### [Supplied information]
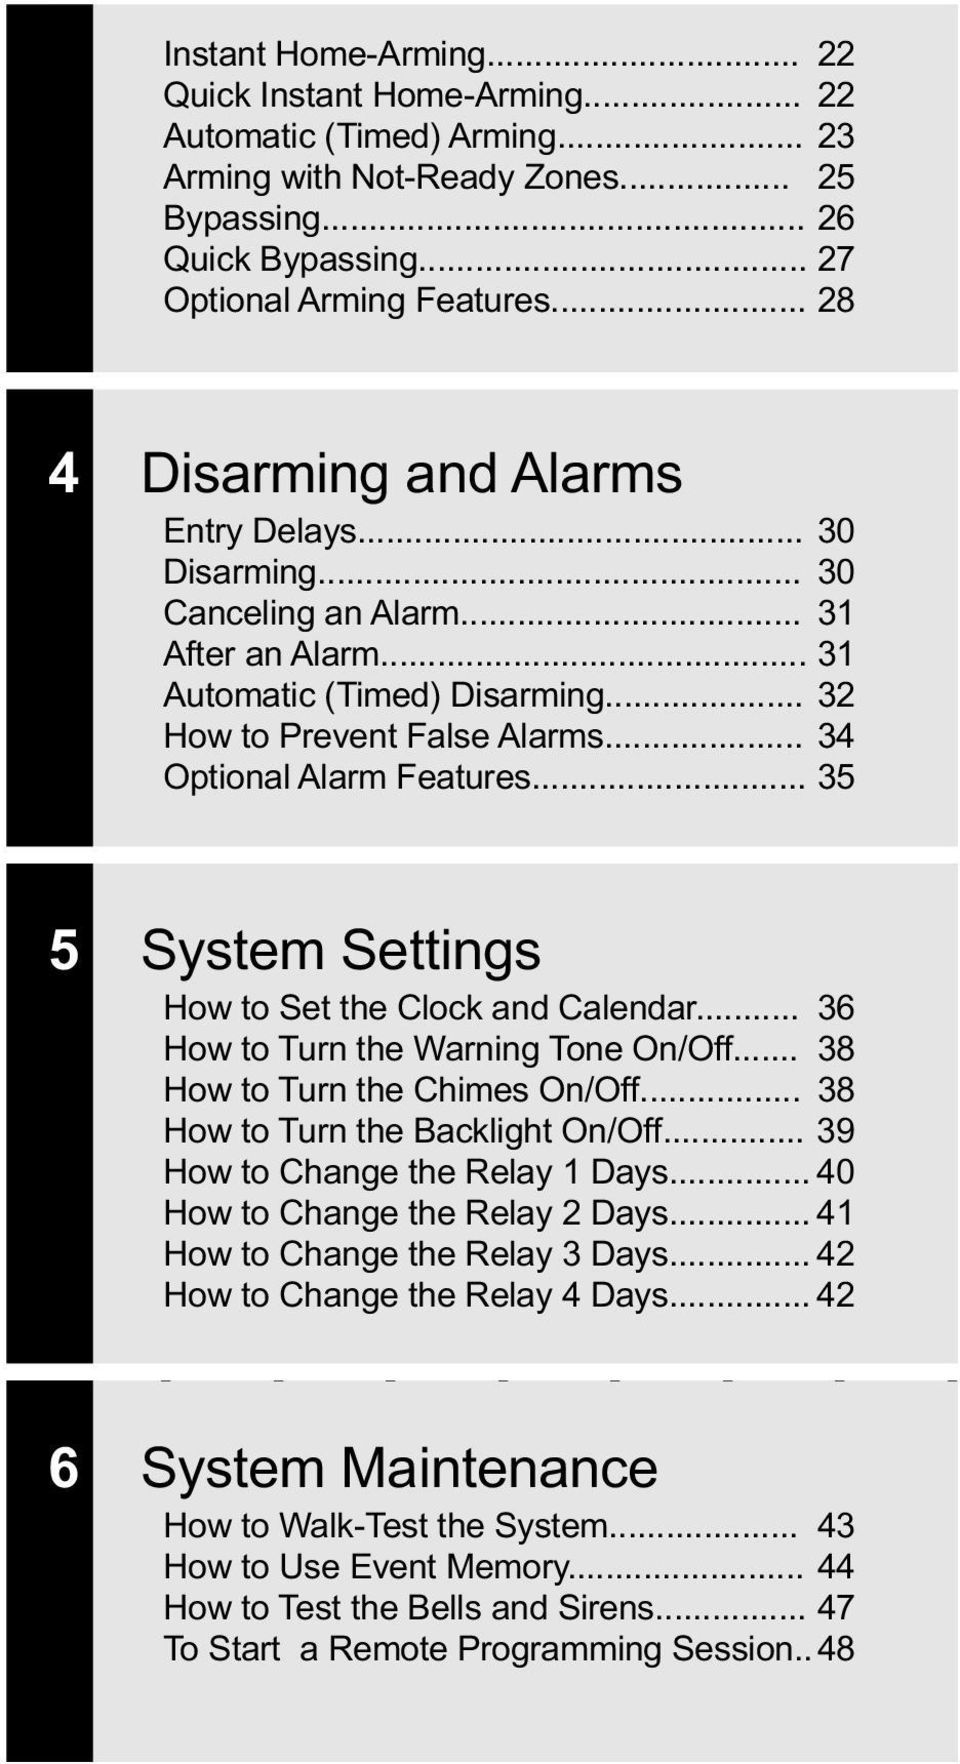 .. 34 Optional Alarm Features... 35 - - - - - - - - - 5 System Settings How to Set the Clock and Calendar... 36 How to Turn the Warning Tone On/Off... 38 How to Turn the Chimes On/Off.
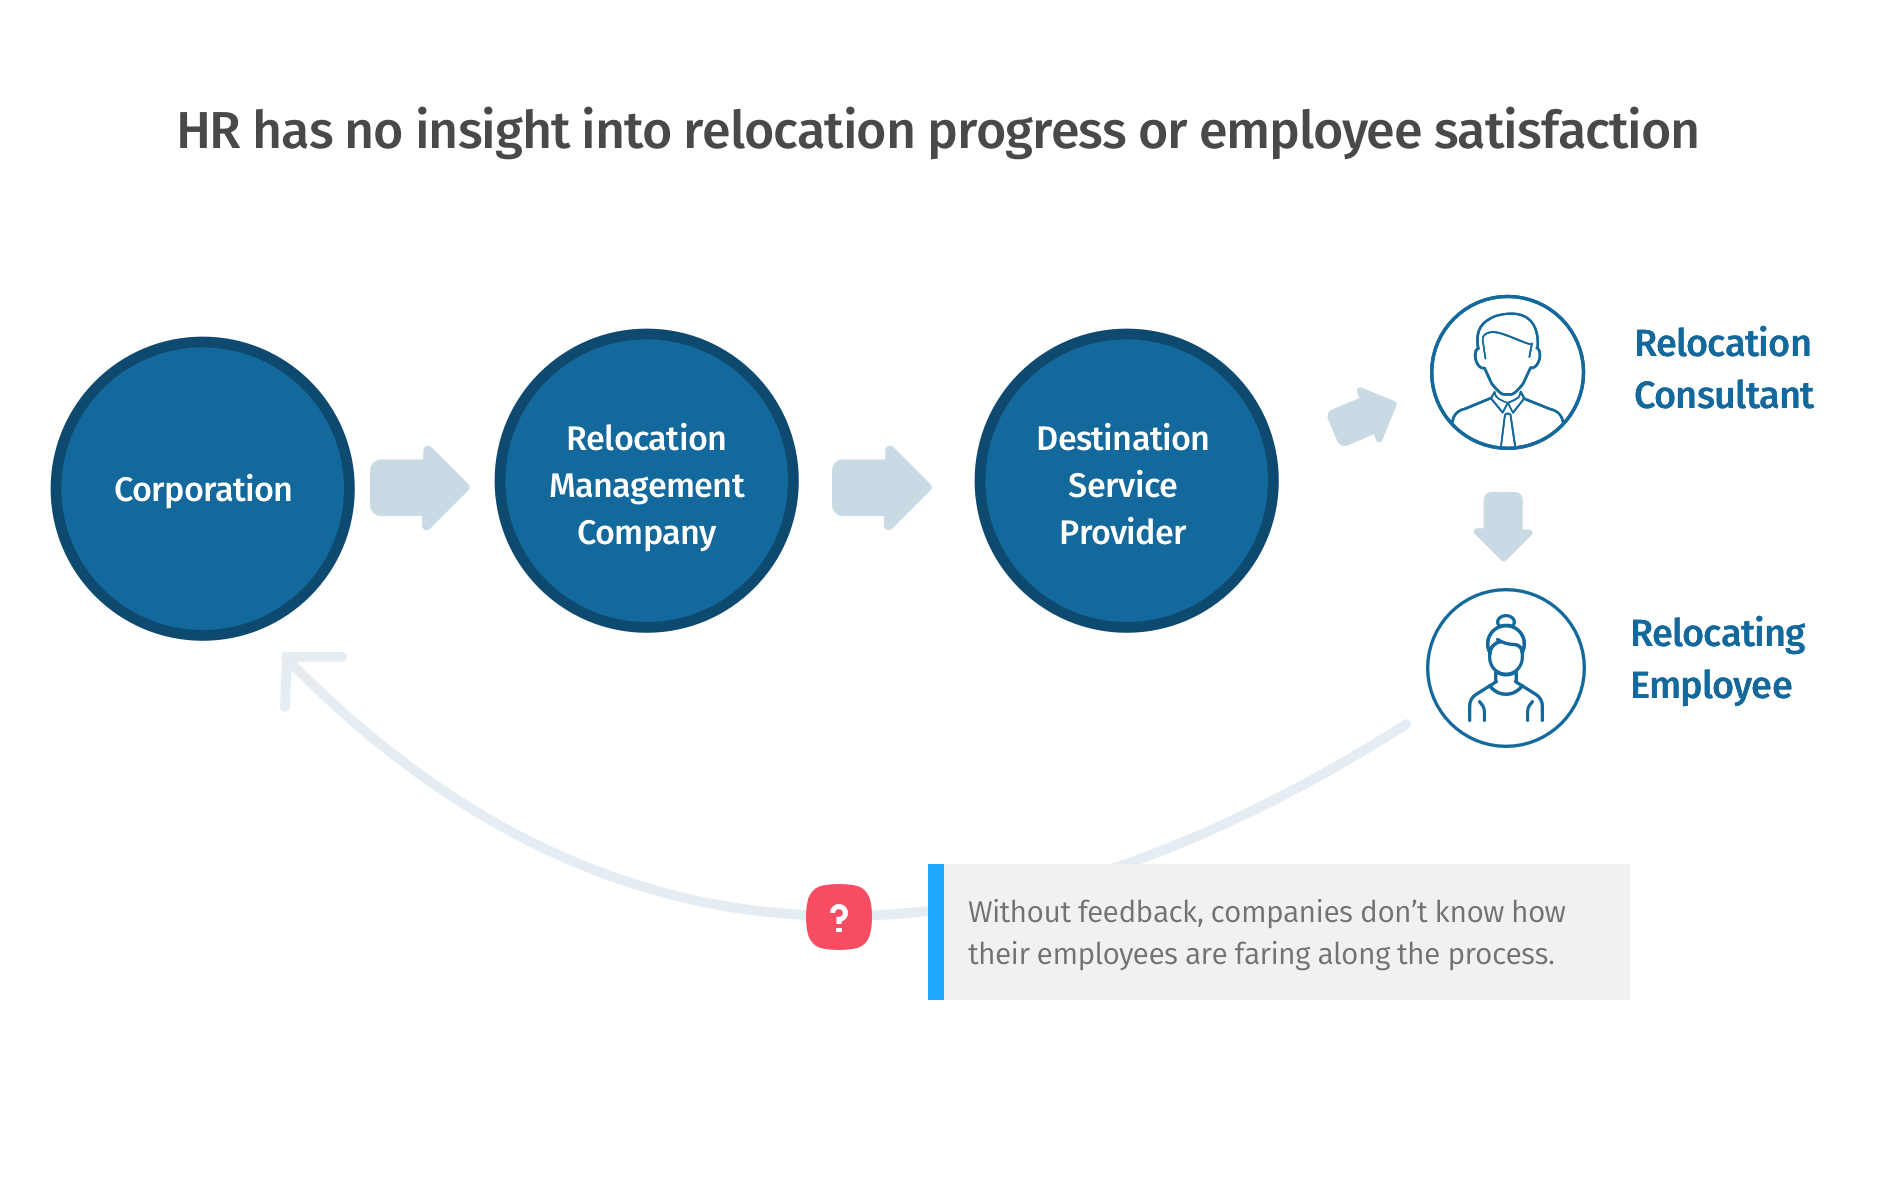 The Value chain of relocating employees
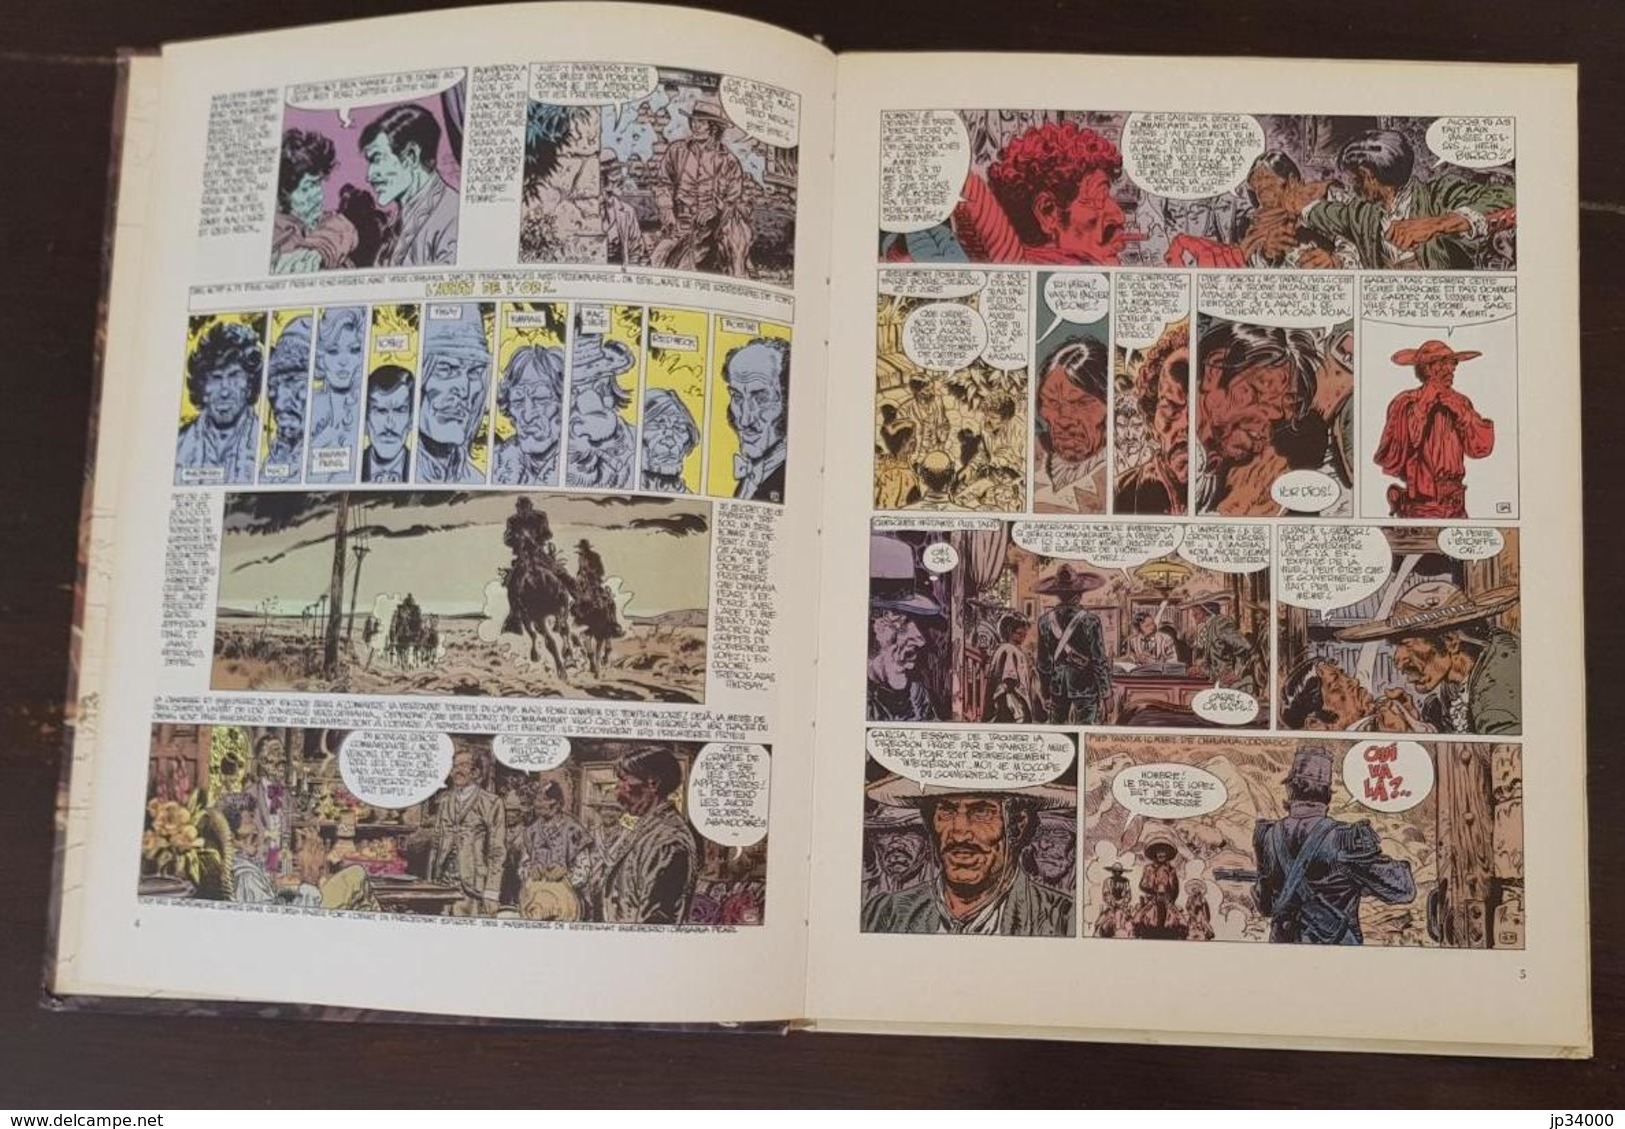 BLUEBERRY: L'homme qui valait 500 000$ EO 1973. Giraud Charlier. Ed du Lombard (A)

### [What to do]
Print the material verbatim; drop the pictures.

### [Exercise solution]
 .. 34 Optional Alarm Features... 35 - - - - - - - - - 5 System Settings How to Set the Clock and Calendar... 36 How to Turn the Warning Tone On/Off... 38 How to Turn the Chimes On/Off.
 The Value chain of relocating employees
 BLUEBERRY: L'homme qui valait 500 000$ EO 1973. Giraud Charlier. Ed du Lombard (A)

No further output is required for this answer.